**Assignment**
Below are entries; repeat exactly, and nothing else, the lines from the one holding "Cleveland Cavaliers: Standard" through the one holding "An everlasting flower", inclusive. Leave the pictures out.

**The data**
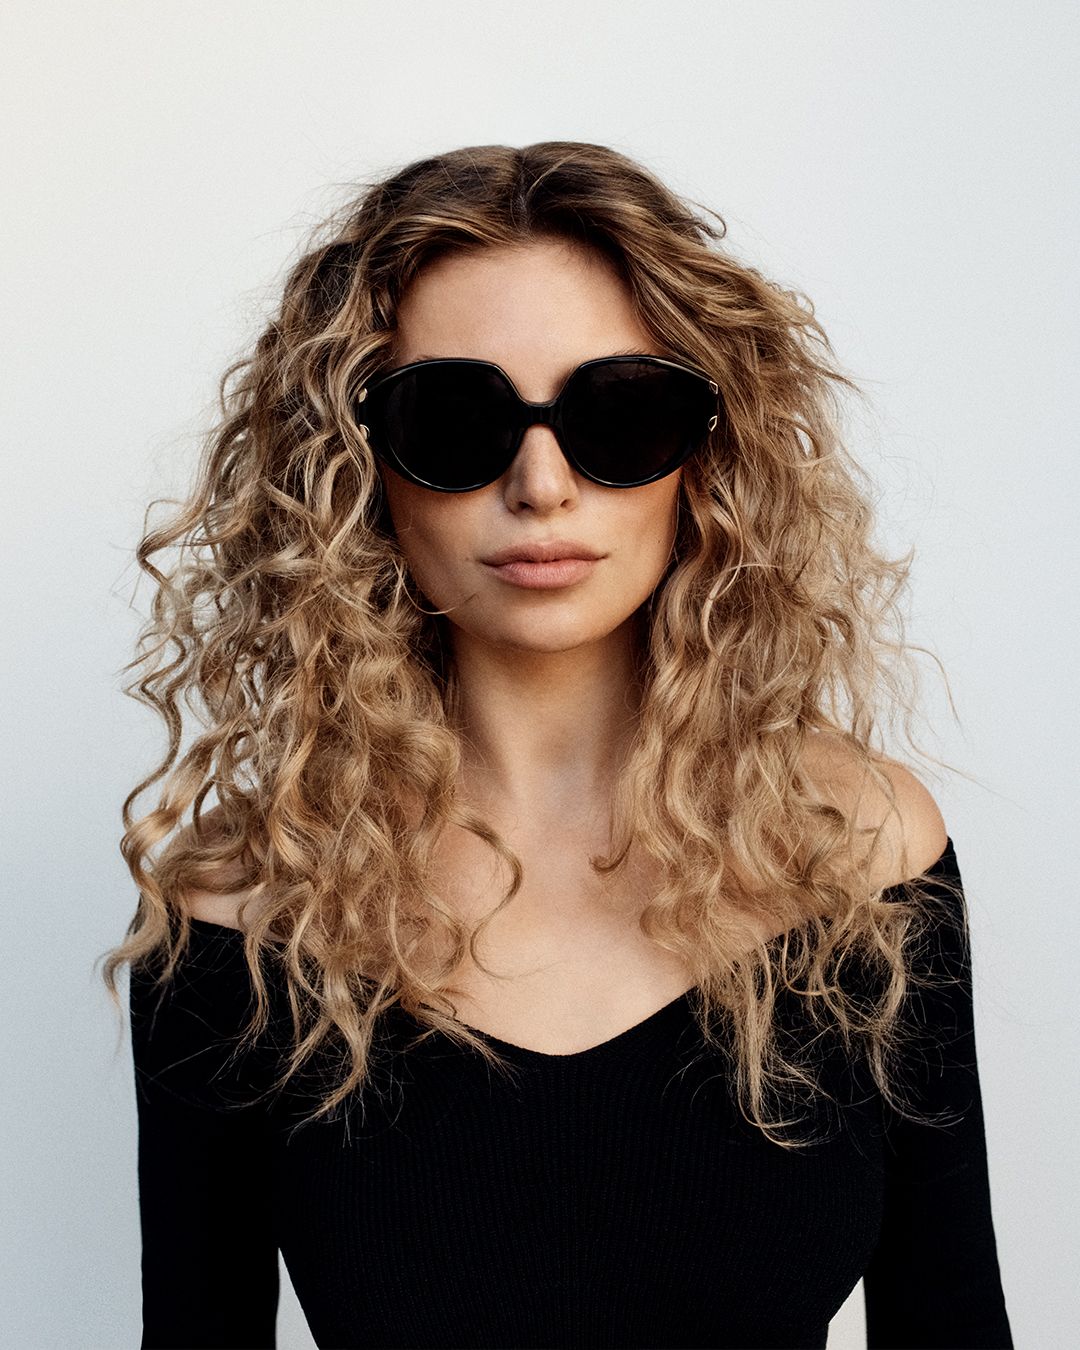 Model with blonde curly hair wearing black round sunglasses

---

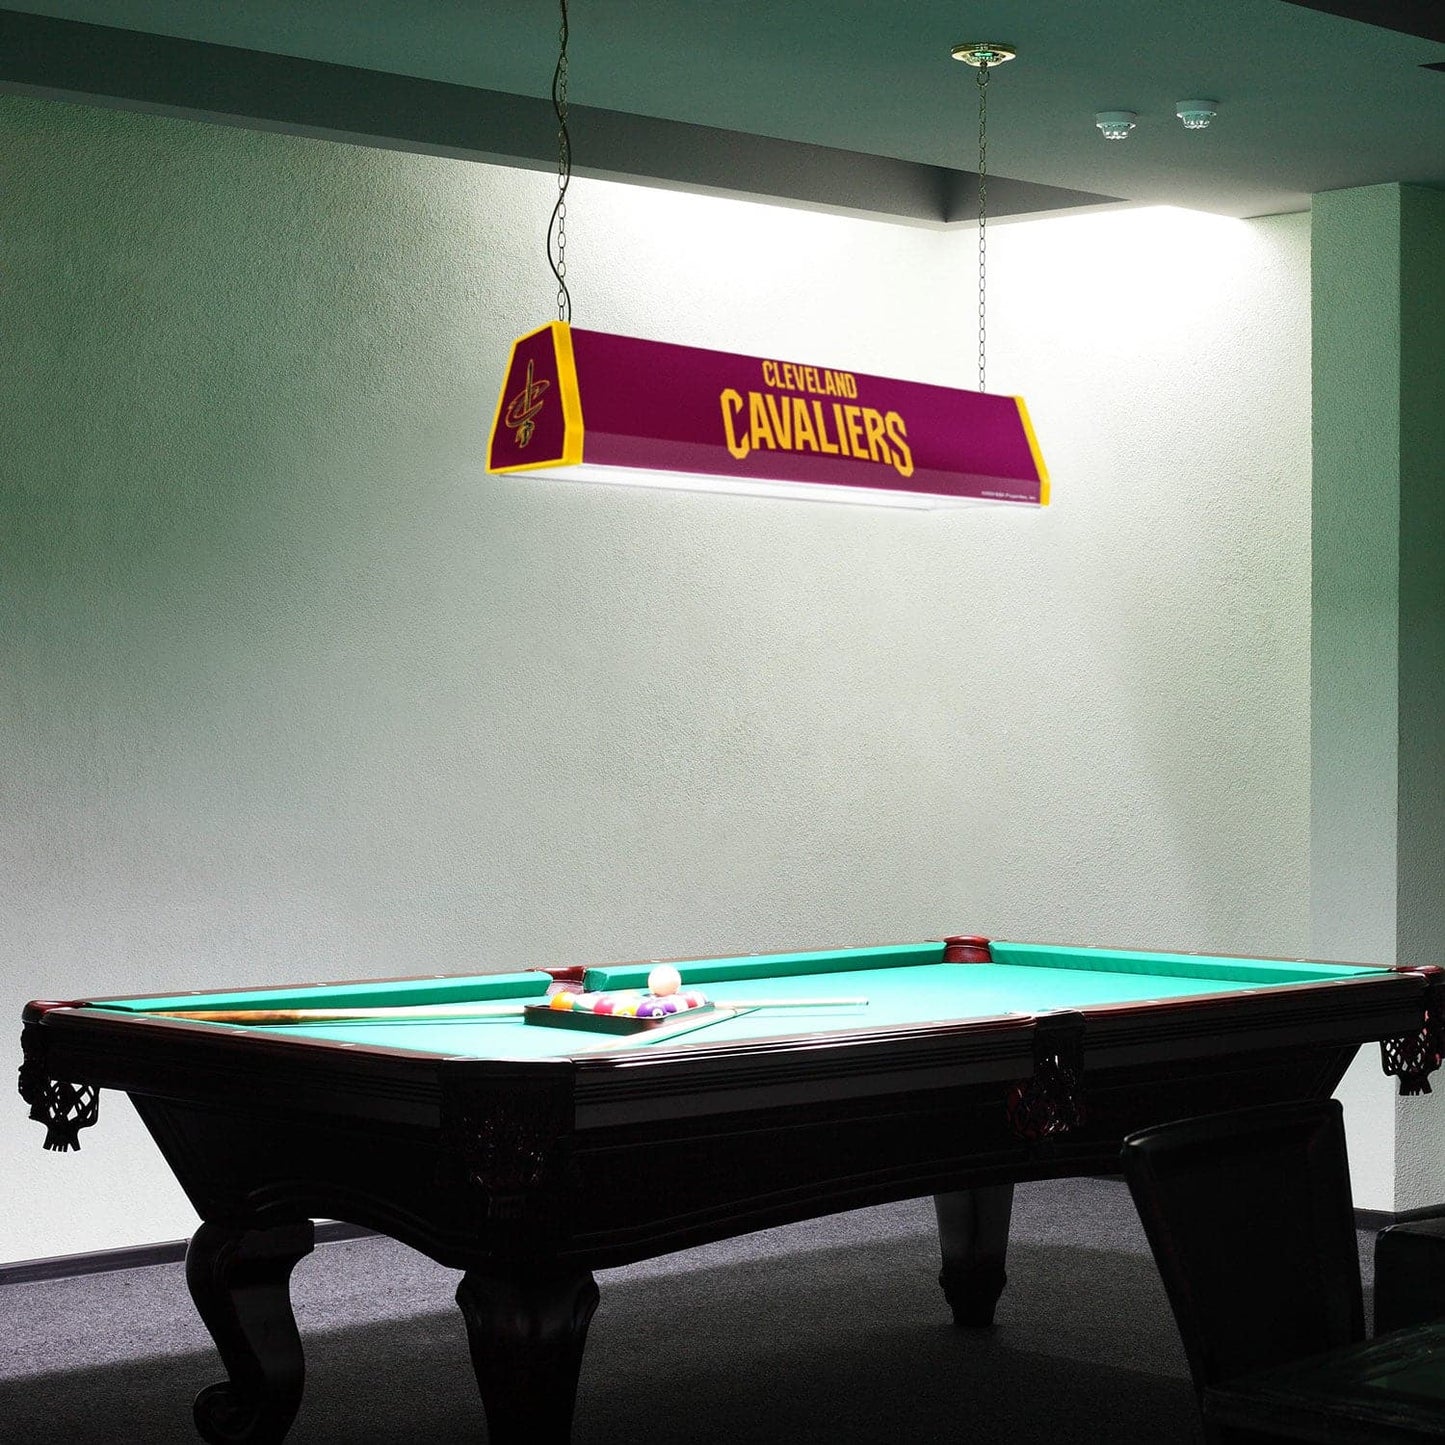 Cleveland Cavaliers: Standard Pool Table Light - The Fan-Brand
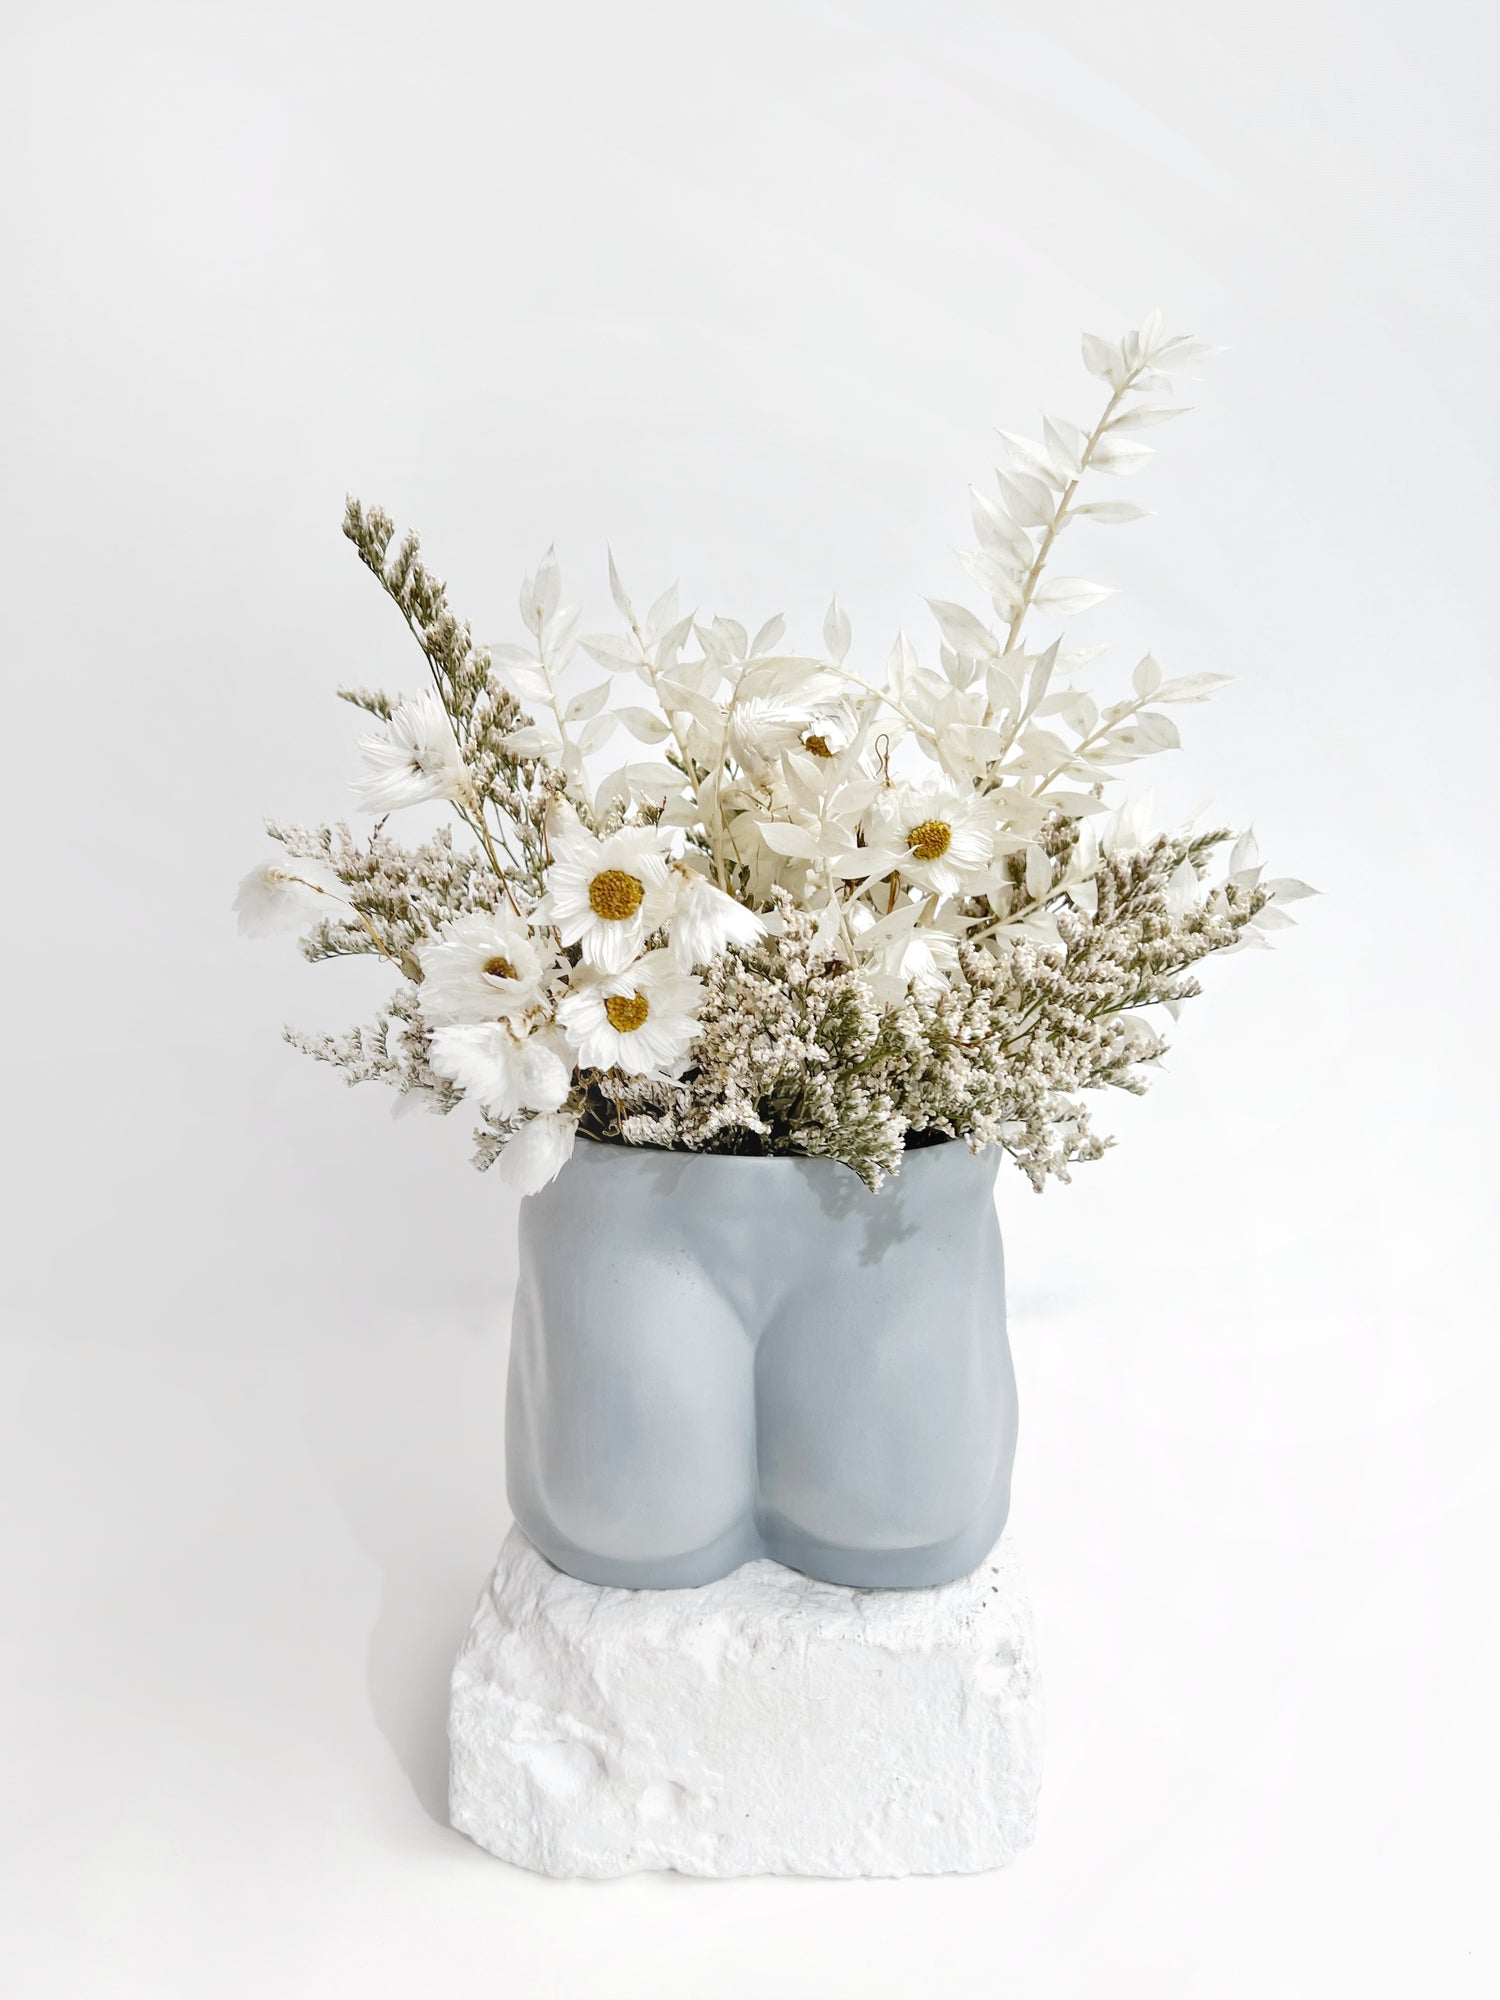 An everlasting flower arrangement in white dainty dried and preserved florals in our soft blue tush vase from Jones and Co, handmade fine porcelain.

**Task answer**
 Cleveland Cavaliers: Standard Pool Table Light - The Fan-Brand
 An everlasting flower arrangement in white dainty dried and preserved florals in our soft blue tush vase from Jones and Co, handmade fine porcelain.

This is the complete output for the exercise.